The data is to be repeated exactly, with the images removed.

-- Data extract follows --

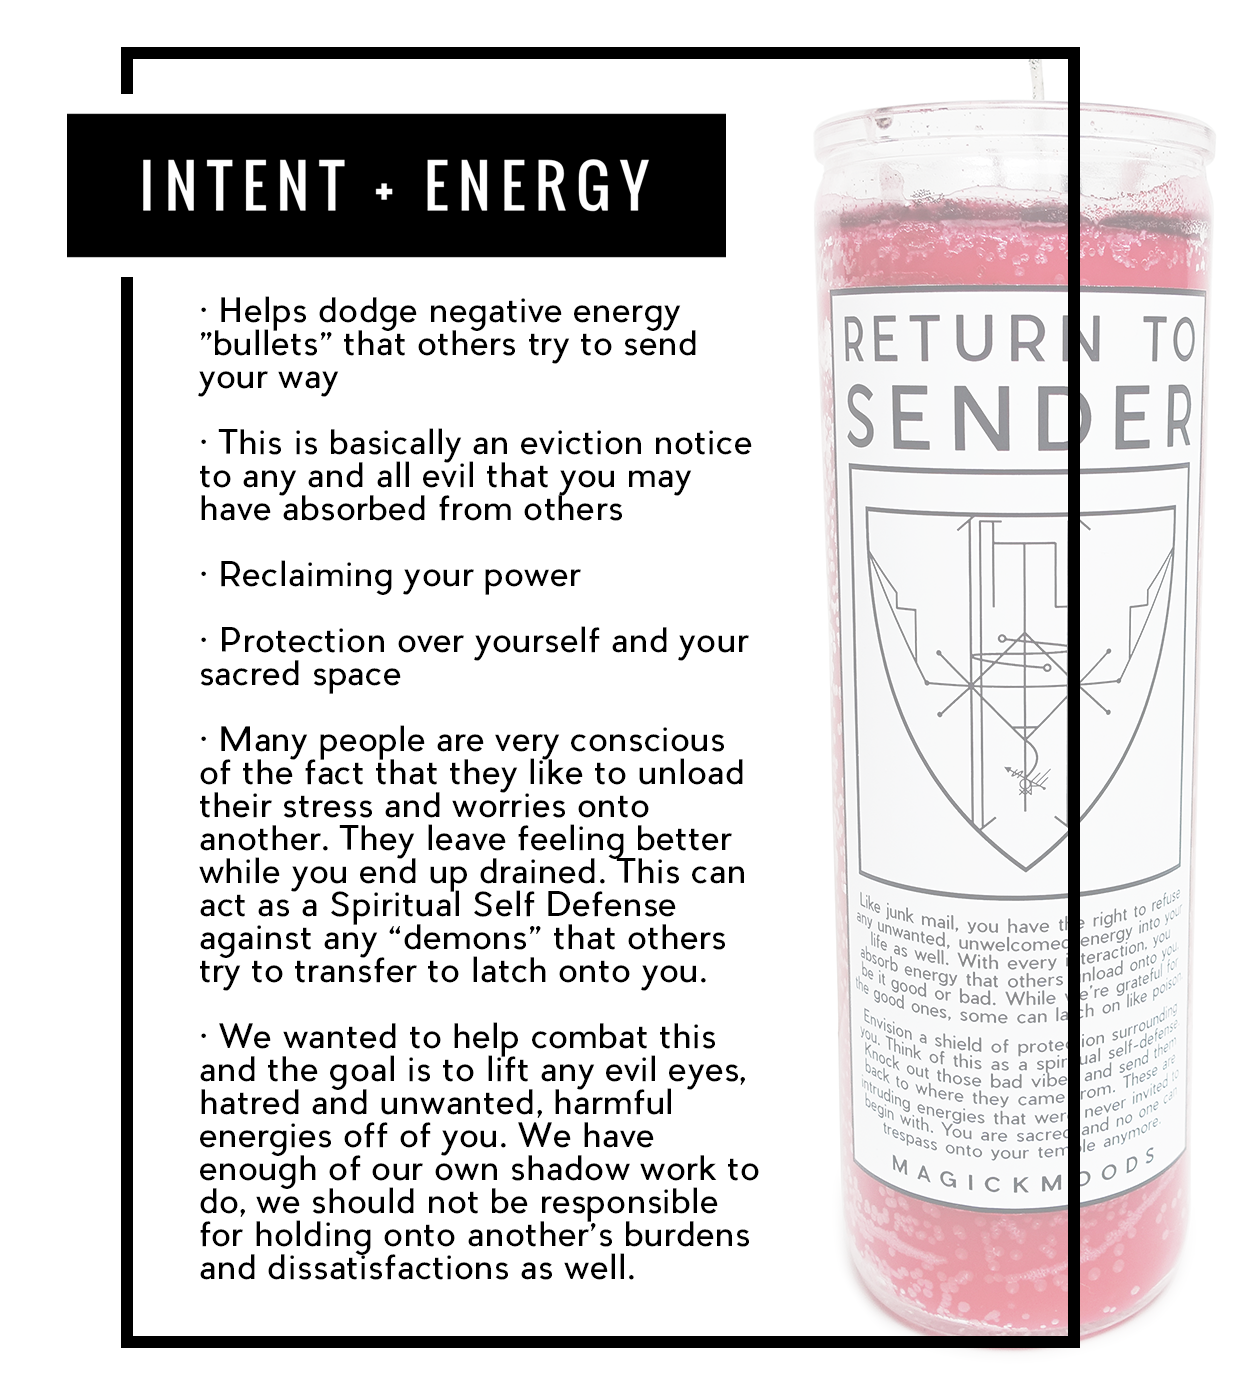 Return To Sender 7-Day Meditation Candle - PREORDER - Ships by July 28th, 2023
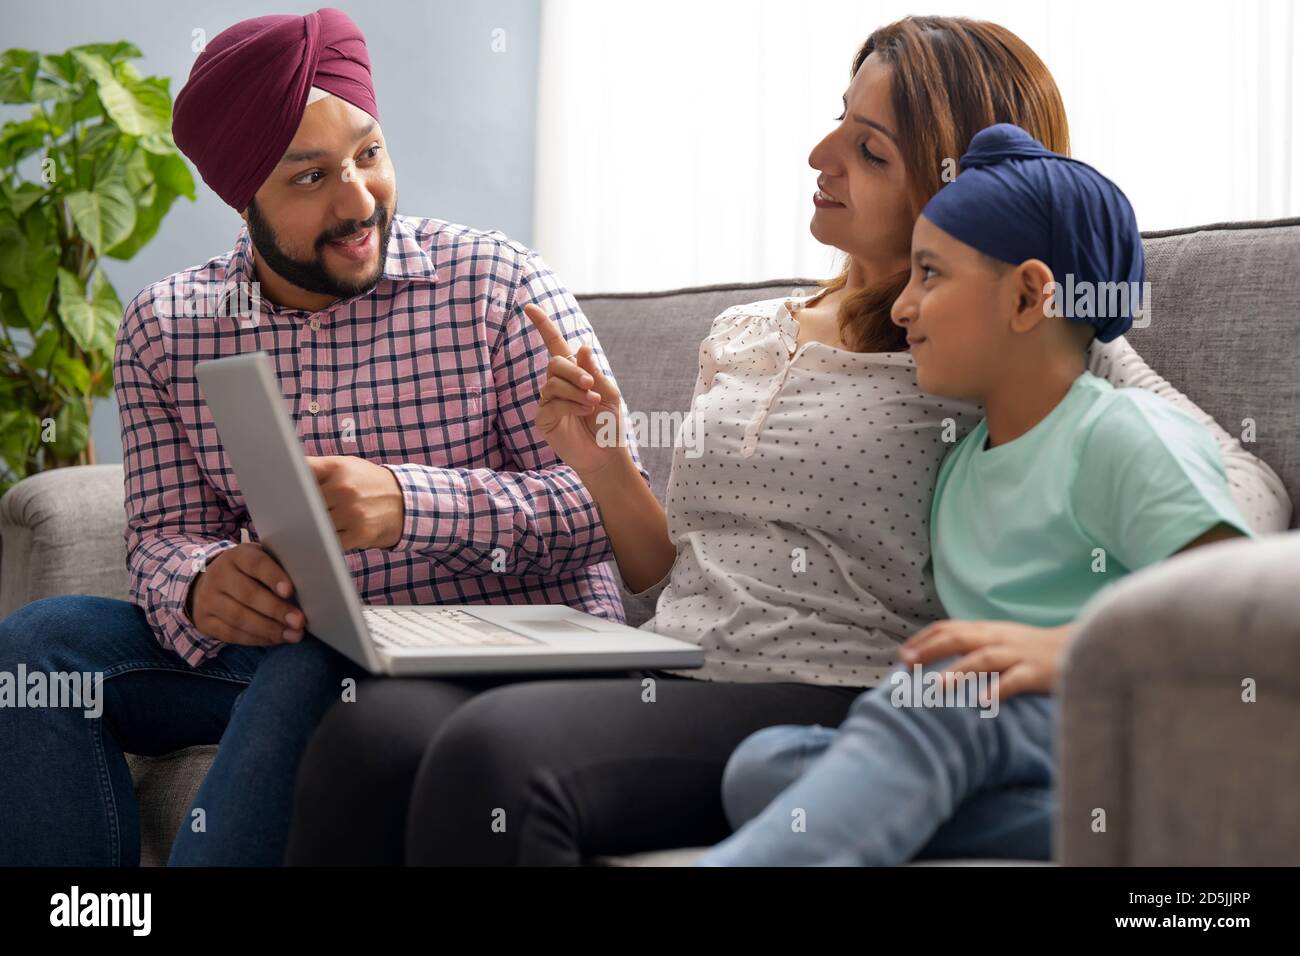 A SIKH PARENTS LOOKING AT EACH OTHER WHILE TEACHING SON WITH LAPTOP Stock Photo
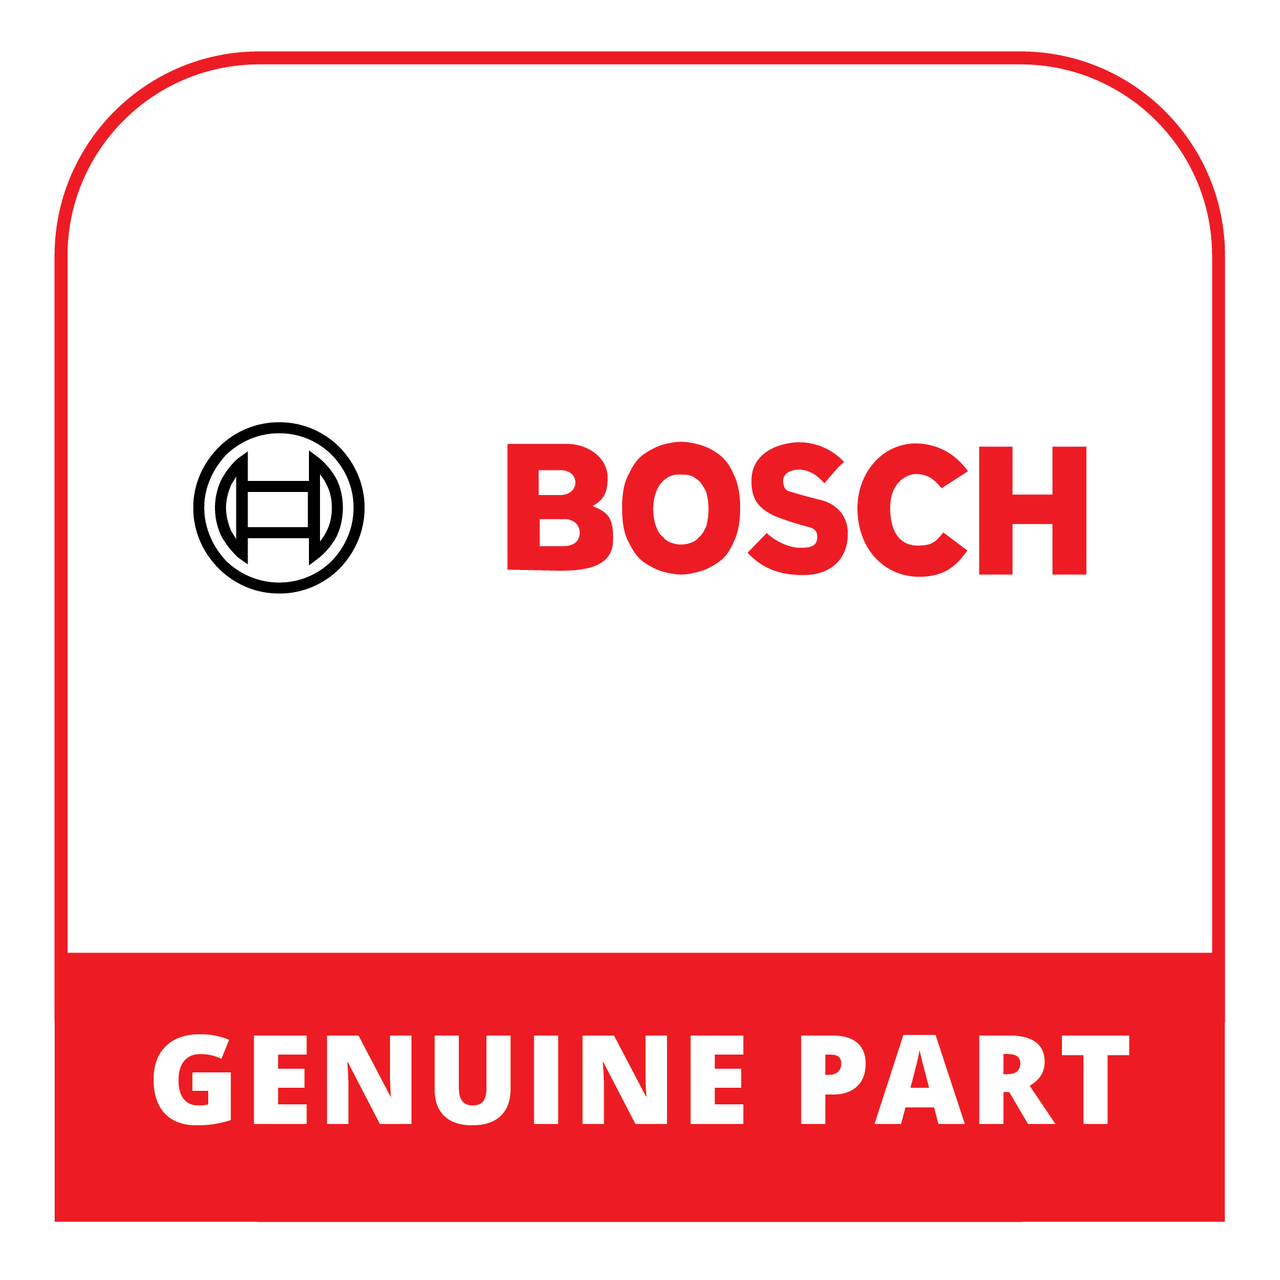 Bosch (Thermador) 18063706 - Instruction Manual - Genuine Bosch (Thermador) Part

-- Data extract concluded --

Answer box ->
 Return To Sender 7-Day Meditation Candle - PREORDER - Ships by July 28th, 2023
 A SIKH PARENTS LOOKING AT EACH OTHER WHILE TEACHING SON WITH LAPTOP Stock Photo
 Bosch (Thermador) 18063706 - Instruction Manual - Genuine Bosch (Thermador) Part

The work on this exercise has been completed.